State oversight of healthcare transactions is continuing to undergo a significant transformation. As tracked in our updated Healthcare Merger Matrix, the number of states implementing or considering expanding antitrust laws targeting proposed deals continues to rise. For instance, Washington and Colorado's premerger notification laws went into effect on July 27 and August 6, 2025, respectively, and Indiana recently modified its existing transaction notice law to exempt certain practitioner-owned practices. Additionally, New Mexico enacted a permanent version of its temporary transaction notification law with enhanced oversight and enforcement.
Importantly, new and pending laws are not limited to transactions involving traditional healthcare entities. As described below, states are actively trying to expand their reach to include private equity, hedge funds, management services organizations ("MSOs"), and for-profit entities.
Pennsylvania Aims to Limit the Impact of Private Equity on Healthcare
Pennsylvania is considering legislation to limit the impact of private equity on healthcare. The proposed legislation would authorize the Pennsylvania Attorney General to review mergers and acquisitions of healthcare entities involving private equity companies and other for-profit entities and block the transactions if they are "against the public interest." If passed, prior to entering into a covered transaction, a healthcare entity would be required to file a notification with the Attorney General and obtain a written determination from the Attorney General that the transaction is not against the public interest or observe a 60-day waiting period, which may be extended. Transactions are considered to be against the public interest if they result in (1) a significant reduction in competition, quality of care, or access to care; (2) a significant increase in healthcare costs; (3) an unfair method of competition or deceptive act or practice in or affecting healthcare commerce; or (4) healthcare leaseback agreements. Transactions against the public interest would be prohibited unless the Attorney General determines "there is no feasible alternative to prevent a health care entity's closure or a greater loss of health care services in the absence of the covered transaction." See H.B. 1460.
California Considering Expanding its OHCA Notice and Review Regime
California is considering amendments to existing law to expand the transaction review process administered by the California Office of Health Care Affordability ("OHCA") to include additional entities subject to the law. While the current law applies to certain provider and payor entities, the proposed legislation would now require private equity companies; hedge funds; MSOs; new business entities created for the purpose of contracting with healthcare entities; and entities that own, operate, or control a provider, to submit notice of material change transactions and await OHCA's clearance for applicable transactions. The legislation was passed by the State Assembly in May, and is close to a final vote by the State Senate. See A.B. 1415.
Illinois Mini-HSR Amendment Targets PE/Hedge Funds
Proposed legislation would amend Illinois's existing healthcare transaction notification law to require private equity and hedge funds to obtain Attorney General consent for financing of covered healthcare transactions. As proposed, the legislation does not specify the timeframe within which the Attorney General's consent must be given or criteria to which consent would be issued or denied. See S.B. 1998.
Massachusetts Seeks to Strengthen Transaction Oversight
Massachusetts is considering a number of proposed bills to further expand its current healthcare transaction review process. These efforts follow the adoption earlier this year of H.B. 5159 which expanded the filing and reporting requirements for private equity groups, real estate investment trusts, and MSOs investing in Massachusetts healthcare providers.
Proposed legislation S.D. 1910 primarily focuses on private equity groups, MSOs and for-profit entities. If passed, the bill would expand the definition of "provider organization" under Massachusetts' current healthcare transaction review process to include MSOs and providers that are owned or controlled by for-profit entities, including significant equity investors and any other organizations that contract with carriers, third-party administrators or public payers for payment for healthcare services.
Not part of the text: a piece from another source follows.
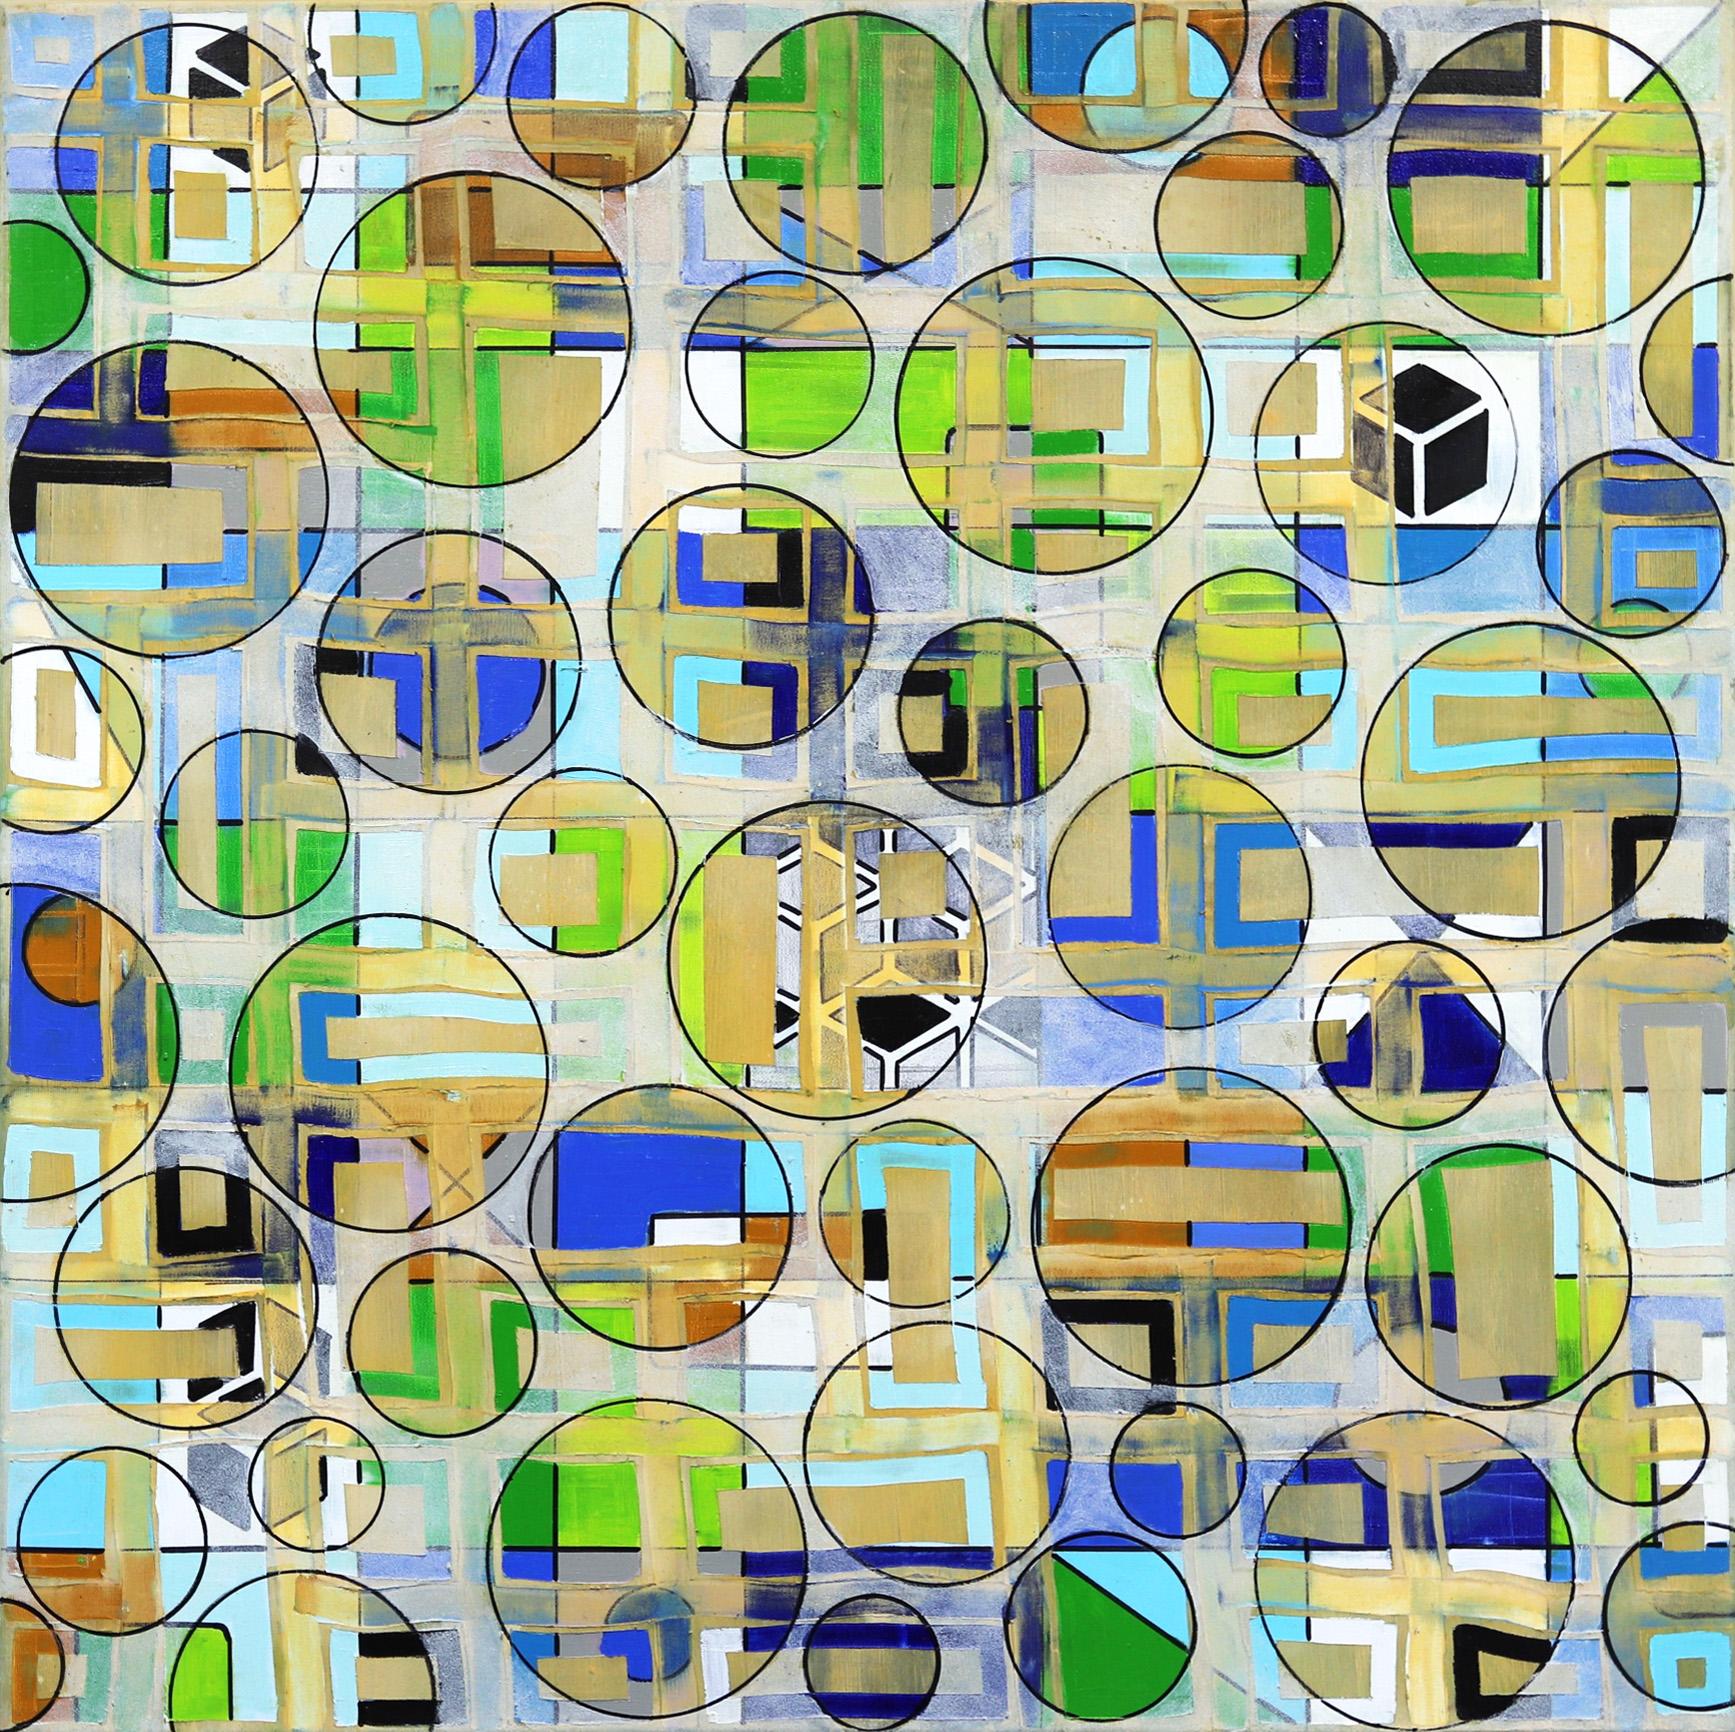 Pattern Green 21 - 1 - Green Oil Painting Geometrical Pattern with Texture - Beige Abstract Painting by Petra Rös-Nickel

The bill would also require private equity groups acquiring ownership or control of a provider or provider organization to deposit a bond with the Department of Public Health upon submission of a notice of material change. Additionally, the bill would authorize the Health Policy Commission to recommend modifications to proposed transactions to mitigate any significant negative impacts on healthcare costs, quality, or breadth of services and refer its final Cost and Market Impact Review report to the state Attorney General, with a presumption of unfair trade practices under state consumer protection laws. See S.D. 1910.
Proposed legislation H.D. 3147 would expand Massachusetts' current healthcare transaction review process to include applications for a new freestanding ambulatory surgery center license or a clinic license, or a new satellite facility under an existing license. The bill would also add additional factors the Health Policy Commission ("HPC") could consider as part of its Cost and Market Impact Review ("CMIR") and authorize the HPC to deny certain proposed material change transactions subject to a CMIR. If the HPC approves a proposed material change upon completion of a CMIR, the HPC would refer the report to the Attorney General to make an independent determination as to whether the transaction satisfies state and federal antitrust law. Finally, the bill would permit the HPC to review material change transactions after they are completed. If the HPC finds that an approved material change has failed to produce the stated benefits in its notice, the HPC may subject the entity to a new CMIR, require the entity to complete a corrective action plan, or prohibit the entity from making any additional material changes to its operating or governance structure for one year following the reevaluation and approval by the commission. See H.D. 3147.